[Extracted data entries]
▬▬▬▬▬▬▬▬▬▬

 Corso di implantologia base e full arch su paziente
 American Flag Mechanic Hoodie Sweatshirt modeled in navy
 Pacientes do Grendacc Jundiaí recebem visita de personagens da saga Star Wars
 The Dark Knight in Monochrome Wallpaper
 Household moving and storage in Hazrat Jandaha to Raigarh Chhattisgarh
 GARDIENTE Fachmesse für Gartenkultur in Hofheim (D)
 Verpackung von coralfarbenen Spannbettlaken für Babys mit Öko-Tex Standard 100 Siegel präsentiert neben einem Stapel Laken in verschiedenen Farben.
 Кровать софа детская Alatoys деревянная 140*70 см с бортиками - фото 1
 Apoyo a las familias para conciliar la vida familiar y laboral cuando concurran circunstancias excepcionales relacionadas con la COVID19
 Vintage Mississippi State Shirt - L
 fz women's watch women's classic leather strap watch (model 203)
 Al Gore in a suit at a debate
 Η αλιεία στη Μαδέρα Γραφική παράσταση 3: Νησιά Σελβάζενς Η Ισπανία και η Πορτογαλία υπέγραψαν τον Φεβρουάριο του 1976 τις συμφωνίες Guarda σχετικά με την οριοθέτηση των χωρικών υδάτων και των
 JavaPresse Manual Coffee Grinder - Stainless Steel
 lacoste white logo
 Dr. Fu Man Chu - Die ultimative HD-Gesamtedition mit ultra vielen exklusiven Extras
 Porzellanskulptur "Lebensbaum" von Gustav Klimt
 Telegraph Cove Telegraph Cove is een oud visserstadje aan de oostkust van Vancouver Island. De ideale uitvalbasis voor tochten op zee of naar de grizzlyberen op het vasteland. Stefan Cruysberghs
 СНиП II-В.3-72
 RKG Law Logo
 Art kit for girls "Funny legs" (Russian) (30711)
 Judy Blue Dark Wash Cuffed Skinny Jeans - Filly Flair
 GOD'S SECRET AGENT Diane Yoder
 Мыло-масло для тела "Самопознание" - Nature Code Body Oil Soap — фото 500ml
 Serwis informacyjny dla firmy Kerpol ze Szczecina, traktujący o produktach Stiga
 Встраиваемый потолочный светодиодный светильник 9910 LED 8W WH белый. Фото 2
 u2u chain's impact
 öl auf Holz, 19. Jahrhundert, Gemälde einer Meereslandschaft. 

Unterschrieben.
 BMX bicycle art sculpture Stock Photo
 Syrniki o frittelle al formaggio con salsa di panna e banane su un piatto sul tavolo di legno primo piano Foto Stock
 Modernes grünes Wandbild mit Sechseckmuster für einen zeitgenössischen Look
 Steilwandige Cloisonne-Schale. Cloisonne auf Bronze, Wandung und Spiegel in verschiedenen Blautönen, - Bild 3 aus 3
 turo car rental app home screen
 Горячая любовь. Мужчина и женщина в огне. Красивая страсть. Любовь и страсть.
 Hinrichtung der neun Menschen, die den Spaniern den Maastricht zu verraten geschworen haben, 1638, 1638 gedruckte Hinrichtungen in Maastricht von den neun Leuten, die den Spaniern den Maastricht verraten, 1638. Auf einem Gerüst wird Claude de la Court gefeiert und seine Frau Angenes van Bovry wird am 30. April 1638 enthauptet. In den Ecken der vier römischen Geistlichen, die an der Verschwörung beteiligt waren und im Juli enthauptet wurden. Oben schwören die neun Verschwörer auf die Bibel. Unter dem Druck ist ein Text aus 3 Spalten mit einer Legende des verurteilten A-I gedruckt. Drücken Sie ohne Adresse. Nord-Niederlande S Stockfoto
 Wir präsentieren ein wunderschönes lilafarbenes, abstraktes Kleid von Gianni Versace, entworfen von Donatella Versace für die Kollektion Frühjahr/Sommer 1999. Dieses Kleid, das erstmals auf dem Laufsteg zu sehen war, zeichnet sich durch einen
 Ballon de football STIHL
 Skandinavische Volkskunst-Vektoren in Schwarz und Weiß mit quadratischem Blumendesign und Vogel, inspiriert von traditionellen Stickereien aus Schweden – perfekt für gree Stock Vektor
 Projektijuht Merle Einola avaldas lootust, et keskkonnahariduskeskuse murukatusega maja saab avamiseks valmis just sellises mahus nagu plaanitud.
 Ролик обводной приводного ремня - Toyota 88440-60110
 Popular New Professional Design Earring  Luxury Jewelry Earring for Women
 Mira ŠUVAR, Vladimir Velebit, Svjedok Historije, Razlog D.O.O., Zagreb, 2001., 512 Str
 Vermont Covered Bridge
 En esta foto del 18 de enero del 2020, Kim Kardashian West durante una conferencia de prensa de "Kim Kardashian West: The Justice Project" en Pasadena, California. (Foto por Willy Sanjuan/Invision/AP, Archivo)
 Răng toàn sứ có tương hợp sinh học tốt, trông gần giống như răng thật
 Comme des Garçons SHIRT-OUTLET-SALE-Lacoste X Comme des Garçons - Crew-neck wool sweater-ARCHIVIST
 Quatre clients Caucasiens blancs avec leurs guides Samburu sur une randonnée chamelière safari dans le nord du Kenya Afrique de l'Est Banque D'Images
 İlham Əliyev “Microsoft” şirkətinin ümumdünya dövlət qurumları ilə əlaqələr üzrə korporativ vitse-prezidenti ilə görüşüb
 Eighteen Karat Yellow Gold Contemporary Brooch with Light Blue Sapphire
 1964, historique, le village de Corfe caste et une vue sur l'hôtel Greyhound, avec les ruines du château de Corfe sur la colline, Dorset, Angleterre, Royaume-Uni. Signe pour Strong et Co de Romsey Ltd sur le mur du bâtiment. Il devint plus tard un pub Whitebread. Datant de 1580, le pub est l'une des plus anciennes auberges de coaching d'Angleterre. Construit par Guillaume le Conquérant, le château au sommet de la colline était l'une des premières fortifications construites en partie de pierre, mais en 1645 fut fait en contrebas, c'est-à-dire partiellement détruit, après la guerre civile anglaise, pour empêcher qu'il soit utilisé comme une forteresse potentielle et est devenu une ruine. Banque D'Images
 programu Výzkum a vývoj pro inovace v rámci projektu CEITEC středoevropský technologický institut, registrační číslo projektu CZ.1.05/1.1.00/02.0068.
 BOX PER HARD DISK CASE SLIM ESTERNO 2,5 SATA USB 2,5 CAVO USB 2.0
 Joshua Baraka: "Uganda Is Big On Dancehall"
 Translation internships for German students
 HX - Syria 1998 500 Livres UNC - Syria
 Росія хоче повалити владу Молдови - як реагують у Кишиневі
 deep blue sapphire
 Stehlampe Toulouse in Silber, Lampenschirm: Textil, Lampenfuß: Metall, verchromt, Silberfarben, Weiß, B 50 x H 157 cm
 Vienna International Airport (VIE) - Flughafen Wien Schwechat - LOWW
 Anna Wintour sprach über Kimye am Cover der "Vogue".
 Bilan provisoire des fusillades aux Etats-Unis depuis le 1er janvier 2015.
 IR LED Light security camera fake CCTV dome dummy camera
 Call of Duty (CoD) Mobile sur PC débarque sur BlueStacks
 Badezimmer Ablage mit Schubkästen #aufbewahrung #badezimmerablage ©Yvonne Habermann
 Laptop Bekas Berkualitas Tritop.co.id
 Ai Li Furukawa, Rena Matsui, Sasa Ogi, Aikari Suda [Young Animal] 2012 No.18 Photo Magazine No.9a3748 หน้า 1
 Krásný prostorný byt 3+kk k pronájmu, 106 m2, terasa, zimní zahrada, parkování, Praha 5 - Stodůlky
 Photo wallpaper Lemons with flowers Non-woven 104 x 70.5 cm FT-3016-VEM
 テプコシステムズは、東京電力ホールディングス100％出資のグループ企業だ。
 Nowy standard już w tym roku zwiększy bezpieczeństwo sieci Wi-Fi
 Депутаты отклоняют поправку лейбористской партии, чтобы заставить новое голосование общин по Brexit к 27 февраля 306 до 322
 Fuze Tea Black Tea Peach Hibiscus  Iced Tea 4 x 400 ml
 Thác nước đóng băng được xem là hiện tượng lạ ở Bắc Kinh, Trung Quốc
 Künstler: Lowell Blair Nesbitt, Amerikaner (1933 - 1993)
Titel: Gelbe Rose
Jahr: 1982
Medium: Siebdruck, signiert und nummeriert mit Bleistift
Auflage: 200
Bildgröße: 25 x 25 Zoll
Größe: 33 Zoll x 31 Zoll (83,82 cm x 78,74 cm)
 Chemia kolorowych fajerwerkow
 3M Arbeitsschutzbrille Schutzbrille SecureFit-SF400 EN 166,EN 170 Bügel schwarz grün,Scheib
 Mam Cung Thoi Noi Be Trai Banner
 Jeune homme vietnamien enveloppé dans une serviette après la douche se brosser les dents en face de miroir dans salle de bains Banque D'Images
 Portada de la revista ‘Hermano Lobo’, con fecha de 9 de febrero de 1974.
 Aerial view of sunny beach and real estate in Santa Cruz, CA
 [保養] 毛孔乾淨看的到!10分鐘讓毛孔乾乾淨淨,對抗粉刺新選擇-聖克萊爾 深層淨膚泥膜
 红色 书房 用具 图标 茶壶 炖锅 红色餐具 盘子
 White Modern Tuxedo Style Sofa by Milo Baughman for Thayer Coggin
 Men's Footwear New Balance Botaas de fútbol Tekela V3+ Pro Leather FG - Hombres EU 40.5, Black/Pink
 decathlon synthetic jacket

▬▬▬▬▬▬▬▬▬▬

▶ TASK DESCRIPTION: Scan the entries above for the line containing "Household moving and", and copy it and all lines after it exactly, down to and including the line containing "von Gustav Klimt".

▶ SOLUTION TO THE EXERCISE:
 Household moving and storage in Hazrat Jandaha to Raigarh Chhattisgarh
 GARDIENTE Fachmesse für Gartenkultur in Hofheim (D)
 Verpackung von coralfarbenen Spannbettlaken für Babys mit Öko-Tex Standard 100 Siegel präsentiert neben einem Stapel Laken in verschiedenen Farben.
 Кровать софа детская Alatoys деревянная 140*70 см с бортиками - фото 1
 Apoyo a las familias para conciliar la vida familiar y laboral cuando concurran circunstancias excepcionales relacionadas con la COVID19
 Vintage Mississippi State Shirt - L
 fz women's watch women's classic leather strap watch (model 203)
 Al Gore in a suit at a debate
 Η αλιεία στη Μαδέρα Γραφική παράσταση 3: Νησιά Σελβάζενς Η Ισπανία και η Πορτογαλία υπέγραψαν τον Φεβρουάριο του 1976 τις συμφωνίες Guarda σχετικά με την οριοθέτηση των χωρικών υδάτων και των
 JavaPresse Manual Coffee Grinder - Stainless Steel
 lacoste white logo
 Dr. Fu Man Chu - Die ultimative HD-Gesamtedition mit ultra vielen exklusiven Extras
 Porzellanskulptur "Lebensbaum" von Gustav Klimt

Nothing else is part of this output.